Dexamethasone increases BAT activation markers, which is prevented by corticosterone add-on treatment

BAT activation might also contribute to the observed fat mass loss upon dexamethasone treatment. Since dexamethasone increased energy expenditure and influx of lipids into the BAT, we investigated additional markers of BAT activity. Dexamethasone and corticosterone increased the weight and lipid content of iBAT (main effects: P<0.05, Figures 4A–C). Dexamethasone treatment increased expression of BAT identity marker genes Ucp1, Prdm16, Pgc1a and aP2 (main effects: P<0.05). Corticosterone add-on treatment normalized this for Prdm16 (interaction term: P<0.01) and Ap2 (post-hoc test: P<0.05, Figure 4D). Dexamethasone did not influence Atgl, Hsl and Lpl expression, while Lpl was significantly decreased by corticosterone (main effect: P<0.01, Figure 4D). We did not detect an effect on UCP1 protein levels by dexamethasone, corticosterone or the combination (Figure 4E). Together these data suggest again that dexamethasone increased BAT activity, which was counteracted by corticosterone add-on treatment.
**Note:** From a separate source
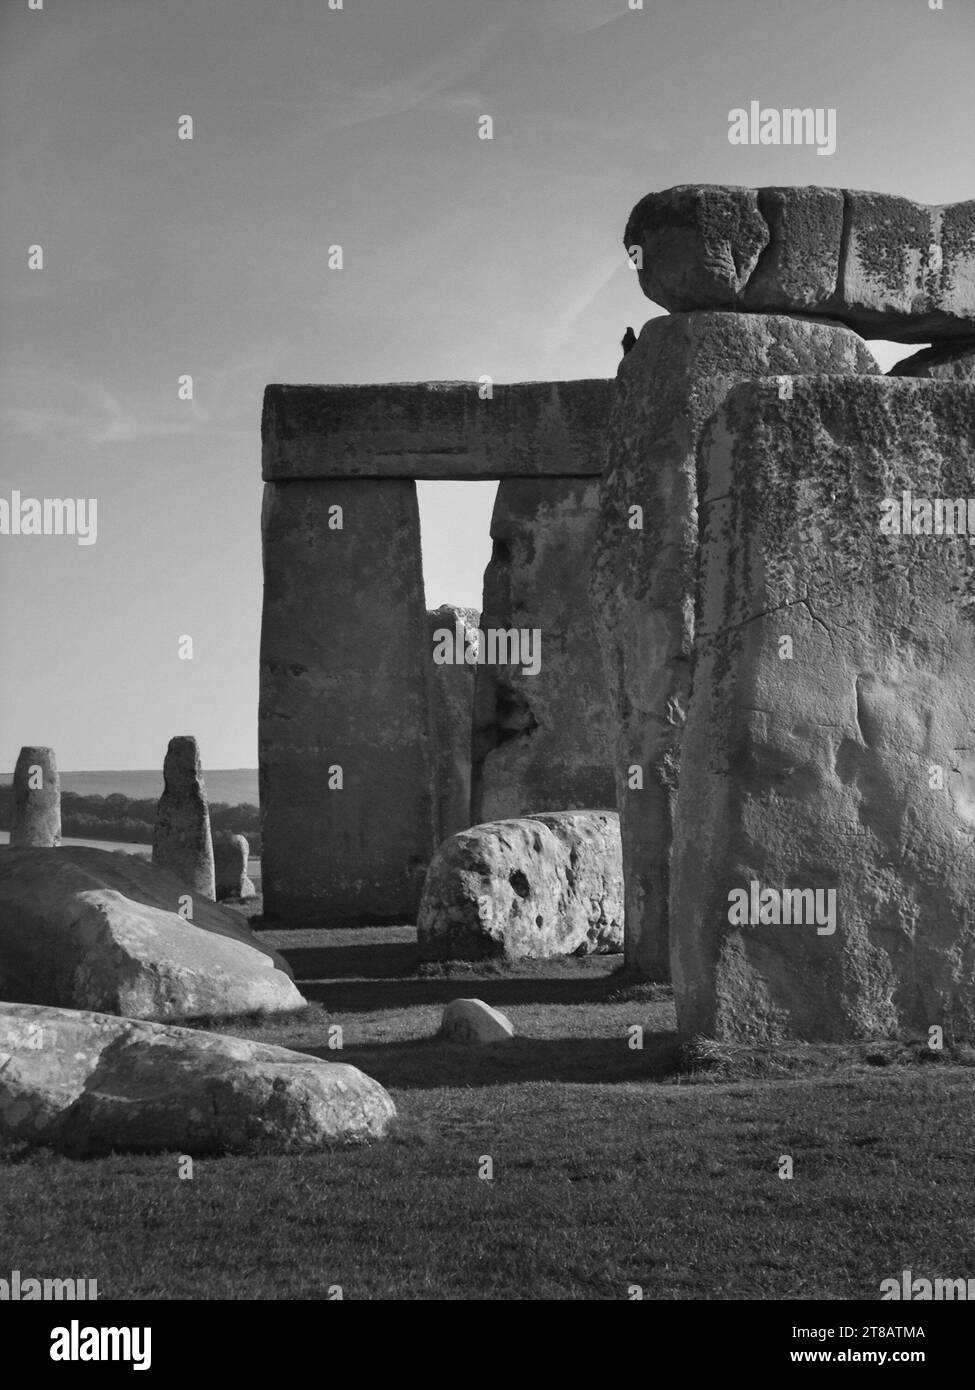 Stonehenge, Neolithic ancient standing stones, stone circle monument.  Wiltshire, England, United Kingdom.  Monochrome image. Stock Photo

Corticosterone add-on enhances dexamethasone-induced GR and MR target gene expression

To evaluate effects on corticosteroid receptor activity, we investigated expression of metallothionein 2 (Mt2a), FK506-binding protein 51 (Fkbp5), glucocorticoid-induced leucine zipper (Gilz/Tsc22d3) and Jun dimerization protein 2 (Jdp2) in iBAT, sWAT, gWAT, liver and hippocampus. Fkbp5, Gilz and Mt2a are known to be regulated by both GR and MR (30–32). GR (Nr3c1) and MR (Nr3c2) were expressed in iBAT, sWAT, liver and hippocampus (Supplementary Table S3). In iBAT, sWAT, gWAT, and liver, dexamethasone stimulated Fkbp5 expression more strongly than corticosterone treatment and a similar pattern was observed for Mt2a in iBAT and gWAT (Figures 5A–D). Corticosterone and dexamethasone additively enhanced the expression of Fkbp5 and Mt2a in liver, and of Mt2a in iBAT and gWAT (main effects: P<0.001; interaction term: ns, Figures 5A–D). A different pattern was observed in the hippocampus, where dexamethasone did not influence the expression of Gilz and Mt2a (main effects: P= ns, Figure 5E) but decreased Fkbp5 expression (Figure 5E), which is likely related to the poor brain penetration of dexamethasone (33). Corticosterone upregulated Mt2a expression (main effect: P<0.01) but did not influence Gilz expression (Figure 5E). Corticosterone add-on prevented the reduction of Fkbp5 expression by dexamethasone (post-hoc tests: P<0.05, Figure 5E). Since we hypothesized that the MR may mediate the effects of corticosterone add-on treatment, we additionally evaluated expression of putative MR-responsive target gene Jdp2 in the hippocampus (30) (Figure 5E). Dexamethasone did not affect Jdp2 expression, while corticosterone induced Jdp2 expression (main effect: P<0.01, Figure 5E). Taken together, these results show that dexamethasone has distinct effects on transcriptional regulation in peripheral tissues and the brain. In the periphery, corticosterone add-on further increased GR target gene expression on top of that induced by dexamethasone.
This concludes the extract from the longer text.